Sinfonieorchester begleitet Buster Keatons „General“
Jeden Prügelstock inklusive

Münster -

Dass Buster Keaton, der „Mann, der niemals lachte“, zu seinen besten Zeiten etwa so erfolgreich war wie Charlie Chaplin, wissen die Wenigsten. Einen von Keatons besten Filmen konnte man nun in aller Pracht erleben: „Der General“. Dem Kinokonzert des Sinfonieochesters Münster sei Dank. Einmal mehr wurde im Cineplex die sinnliche Wucht der alten Stimmfilmbilder mit orchestralen Live-Klängen illuminiert. Das zog viele Zuschauer in den akustisch leider trockenen Saal.

Dienstag, 30.04.2019, 18:23 Uhr
Teuerster Stummfilm, größter finanzieller Flop, aber nicht nur deshalb hat Buster Keaton mit „Der General“ Filmgeschichte geschrieben. Für Münsters Sinfonieorchester Anlass für ein Kinokonzert.
Teuerster Stummfilm, größter finanzieller Flop, aber nicht nur deshalb hat Buster Keaton mit „Der General“ Filmgeschichte geschrieben. Für Münsters Sinfonieorchester Anlass für ein Kinokonzert. Foto: United Artists

Und hier war das orches­trale Passepartout so wichtig wie selten, servierte Keaton 1926 doch ein veritables Epos, das in die Weite des Wilden Westens entführt, genauer: Er greift den real verbürgten „Andrews-Überfall“ des amerikanischen Bürgerkriegs auf. Da gibt es große Panoramabilder mit Hunderten Pferden und Statisten, Schlachtengetümmel, Kanonendonner – und jene Dampflok namens „General“, die dem Film den Titel gibt.
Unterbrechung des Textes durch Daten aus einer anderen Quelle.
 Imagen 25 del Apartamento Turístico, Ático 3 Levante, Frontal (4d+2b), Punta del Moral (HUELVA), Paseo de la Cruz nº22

Da konnte der Stummfilm-versierte Carl Davis 1987 bei seiner Vertonung ordentlich in die Vollen greifen. Er holte aus der Traditionskiste so manches heraus, was in der frühen Tonfilm-Ära ein Max Steiner („Vom Winde verweht“) ähnlich gemacht hatte: Romantische Orchestrierung inklusive Banjo und Mundharmonika sowie ein Motivgewimmel, das auf musikalische Zitate des Bürgerkriegs zurückgreift („When Johnny comes marching home“). Dirigent Stefan Veselka und das Orchester brachten das knackig auf den Punkt – jeden Prügelstock auf den Kopf inklusive: Klack!
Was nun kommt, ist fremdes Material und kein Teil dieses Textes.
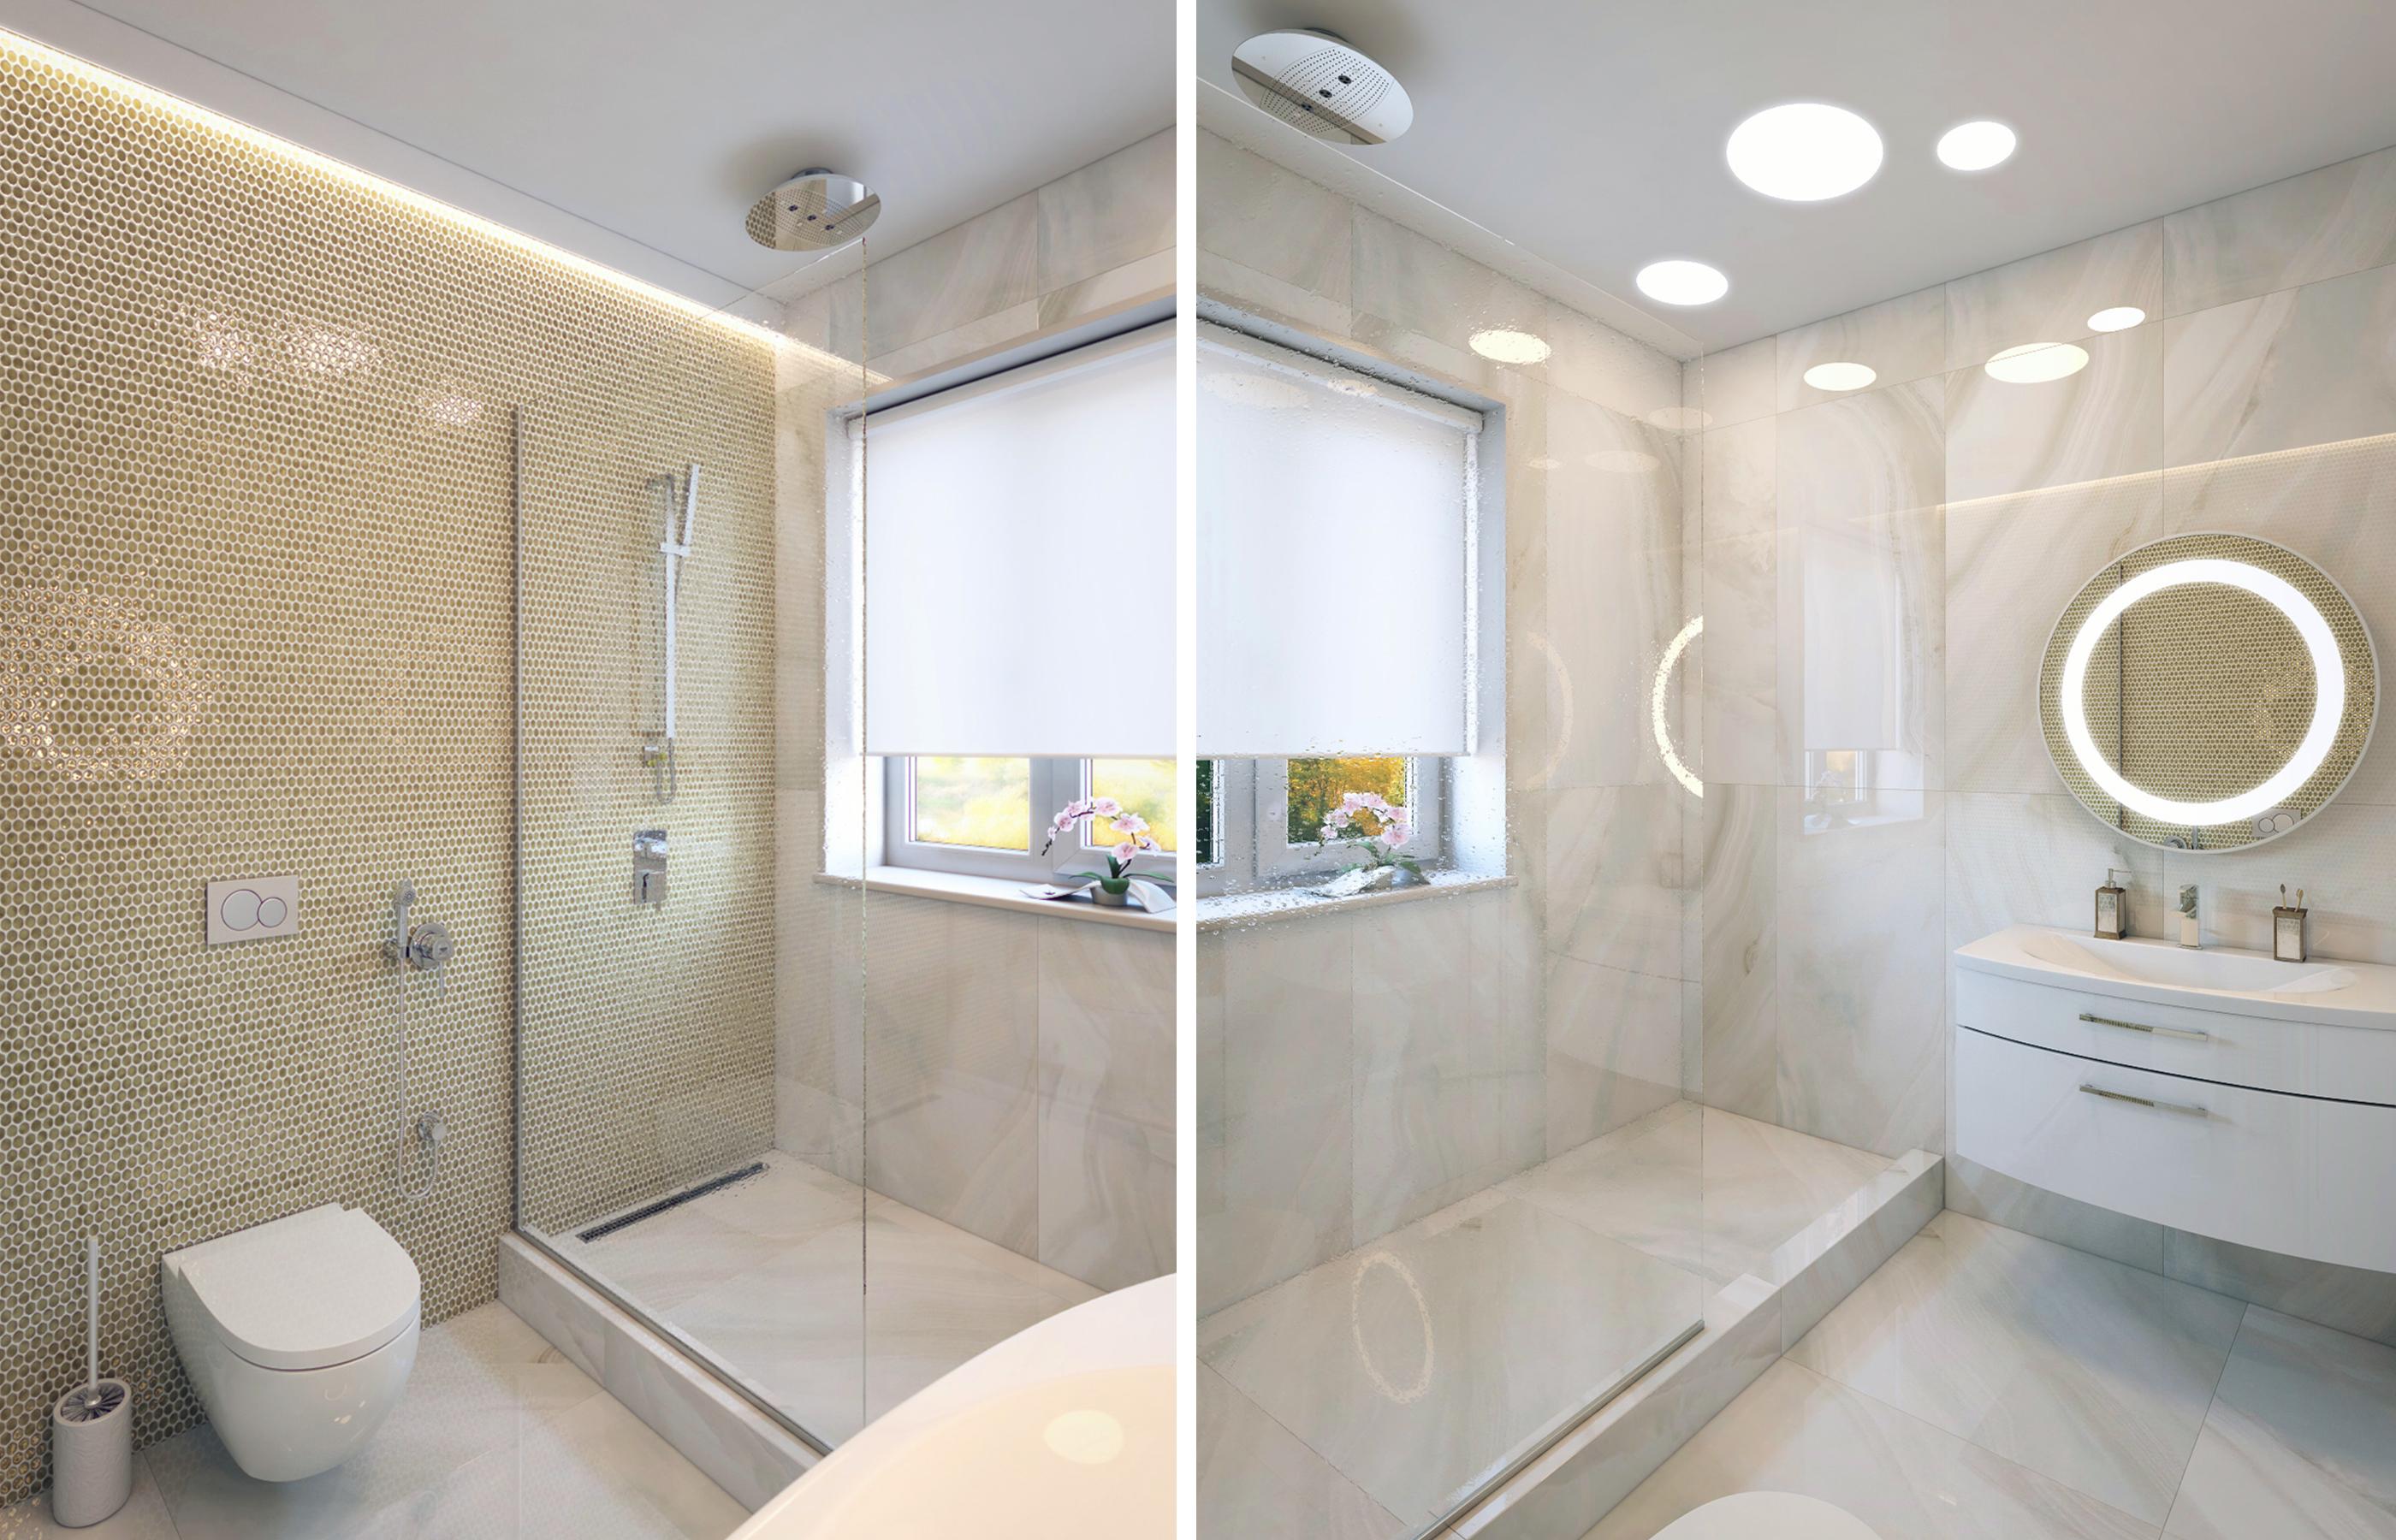 Дизайн интерьера ванной комнаты с мозаикой из натурального перламутра

Keaton spielt den Lokführer Johnny Gray, der seine Angebete Annabelle verliert, weil ihn die Südstaaten-Armee abgewiesen hat. Als Annabelle versehentlich mit Johnnys Dampflok „General“ von Nordstaatlern entführt wird, nimmt er die Verfolgung auf. Und fast sämtliche Gags ergeben sich aus den Tücken des Schienenstrangs: Aus verstellten Weichen, entkuppelten Waggons, ausgehendem Feuerholz und Ähnlichem.
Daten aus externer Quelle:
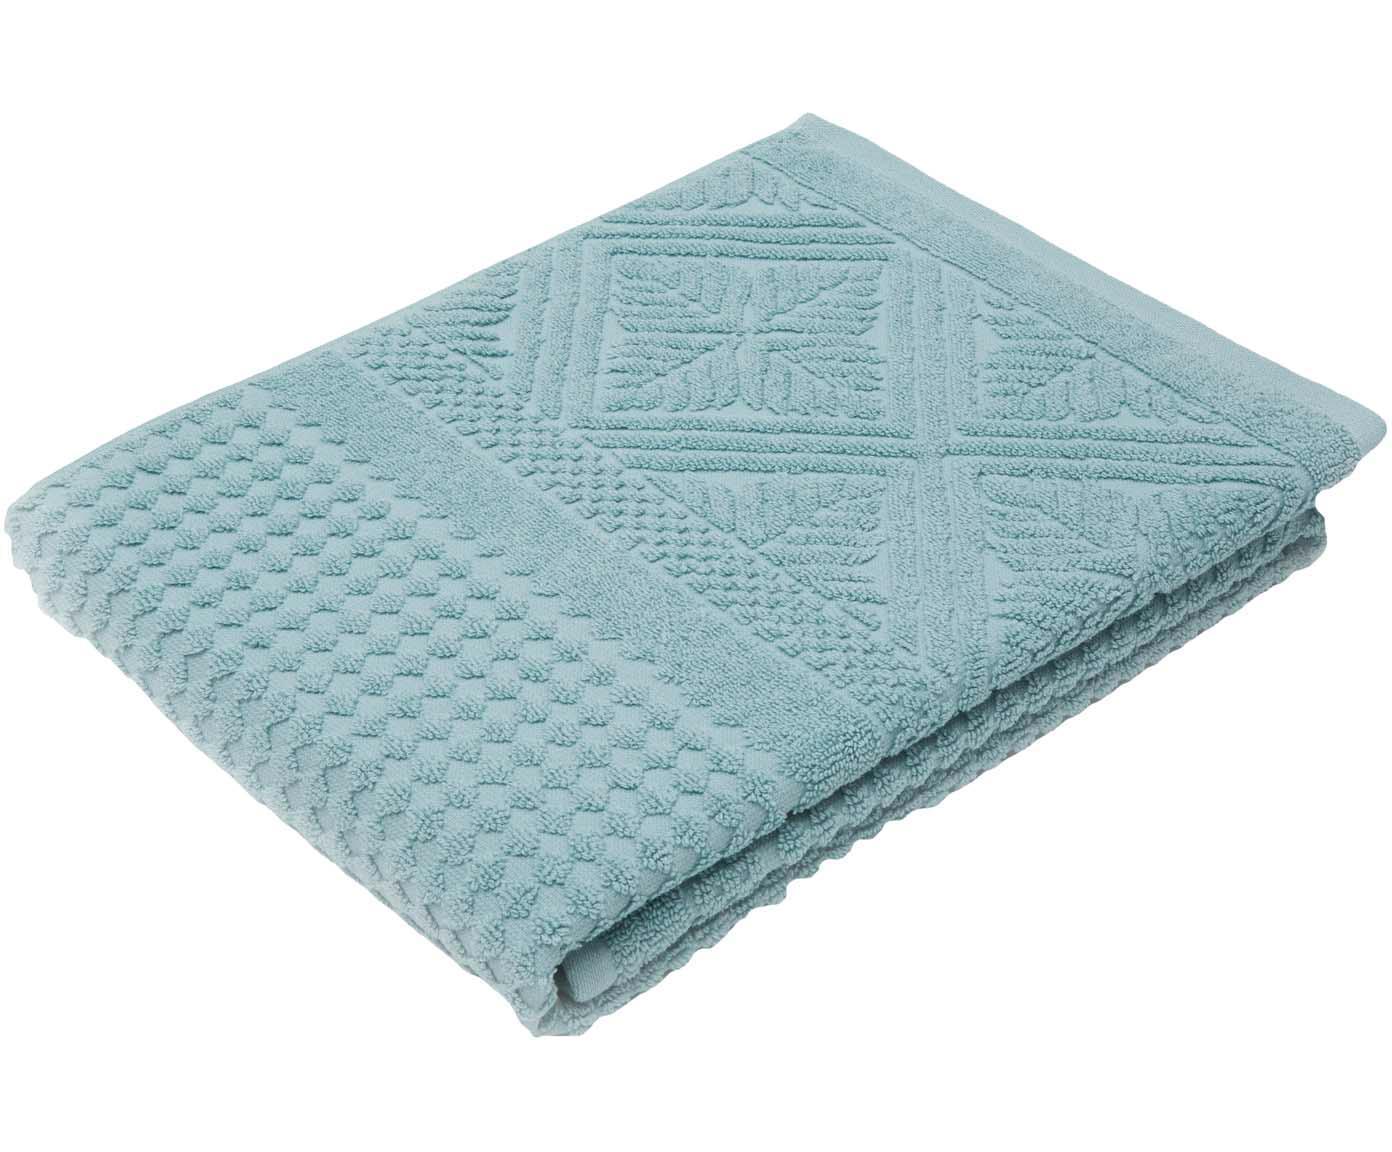 Handtuch Retro mit Hoch-Tief-Muster, Türkisblau, 50 x 100 cm

Das ist grandios gemacht, verquickt den Humor jedoch mit Kriegsereignissen – sicher mit ein Grund, dass „Der General“ nicht nur einer der teuersten Stummfilme überhaupt war, sondern zudem einer der größten finanziellen Flops. Umso verdienstvoller, dass Konzerte dem Werk so wunderbar Reverenz erweisen.